Mohammed al-Asaliya, a 22-year-old university student who was released from Nafha prison on Monday, contracted scabies during his time in detention.
“There was no medical care. We tried to treat ourselves by using floor disinfectant on our wounds, but it only made them worse. The mattresses were filthy, the environment unhealthy, our immunity weak, and the food contaminated,” said Asaliya, who was arrested on 20 December 2023 from a school in Jabaliya.
“There was an area they called ‘the disco’, where they played loud music nonstop for two days straight. This was one of their most notorious and painful torture methods. They also hung us on walls, sprayed us with cold air and water, and sometimes threw chilli powder on detainees,” said Asaliya.
Both men lost much of their body weight during detention. Radee entered prison weighing 93kg and left at 60kg.
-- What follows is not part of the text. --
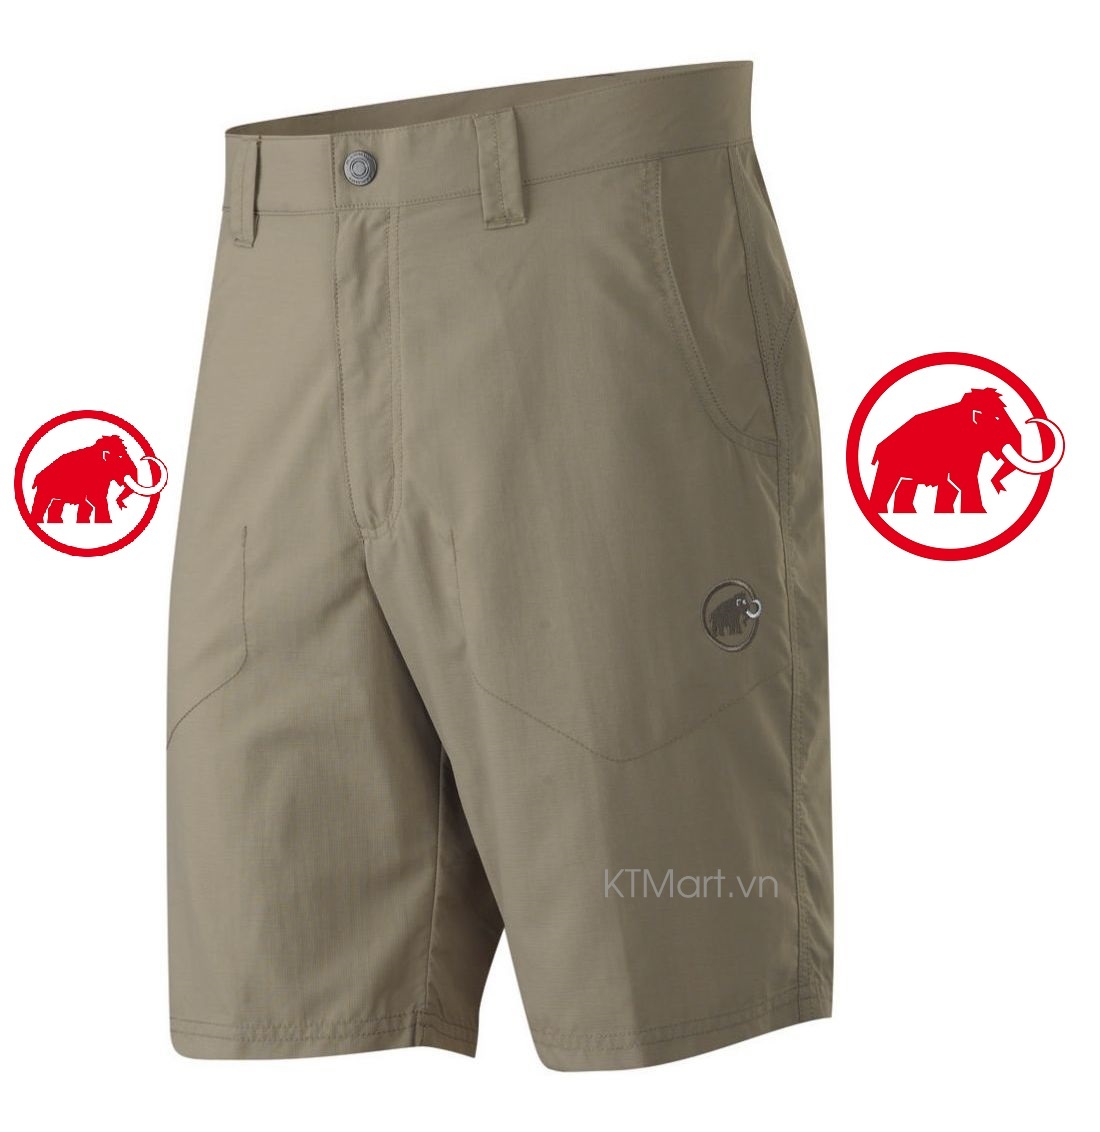 Mammut Crags Shorts 1020-05461 Mammut size 28

Asaliya’s weight was 75kg at the time of arrest and dropped to 42kg at one point during his detention.
Palestinian medical officials said many of the detainees released on Monday arrived in poor physical health.
“The signs of beating and torture were clearly visible on the prisoners’ bodies, such as bruises, fractures, wounds, marks from being dragged on the ground, and the marks of restraints that had bound their hands tightly,” said Eyad Qaddih, the director of public relations at Nasser hospital in southern Gaza, which received detainees on Monday.
He said that many of the returnees had to be transferred to the emergency room due to their ill health. In addition to physical injuries from beatings, he said prisoners appeared to have not eaten for long periods.
About 2,800 Palestinians from Gaza are detained in Israeli prisons and detention centres without charge, according to the NGO Public Committee Against Torture in Israel (PCATI).
The mass incarceration of Palestinians from Gaza without due process has been permitted by changes made to Israeli law since the 7 October 2023 attack by Hamas-led militants that killed about 1,200 people.
In December 2023, the Israeli parliament amended the unlawful combatants law to allow for administrative detention without charge where an officer has “reasonable grounds to believe” the person is an unlawful combatant. Administrative detention can be extended virtually indefinitely.
Israeli legal advocates say the mass incarceration of Palestinians by Israel coincides with a drastic degradation in detention conditions and that this has become a matter of policy.
“Generally, the amount and scale of torture and abuse in Israeli prisons and military camps has skyrocketed since 7 October. We see that as a part of the policy led by Israeli decision-makers such as Itamar Ben-Gvir and others,” said Tal Steiner, the executive director of PCATI.
Ben-Gvir, the far-right security minister, has bragged about providing the “minimum amount of food”. “I am here to ensure that the ‘terrorists’ receive the minimum of the minimum,” he wrote in a social media post in July.
Despite the intense abuse they faced in prisons, it is in Gaza that many detainees felt they faced the worst torture.
Upon his release, Radee attempted to call his wife, only to find her phone out of service. He then learned that his wife and all but one of his children had been killed in Gaza during his detention.
“I was very happy to be released because the date coincided with my youngest daughter Saba’s third birthday on 13 October. I had planned to make her the best gift to make up for her first birthday, which we could not celebrate because the war had started,” Radee said.
“I tried to find some joy in being released on this day, but sadly, Saba went with my family, and my joy went with her,” he said.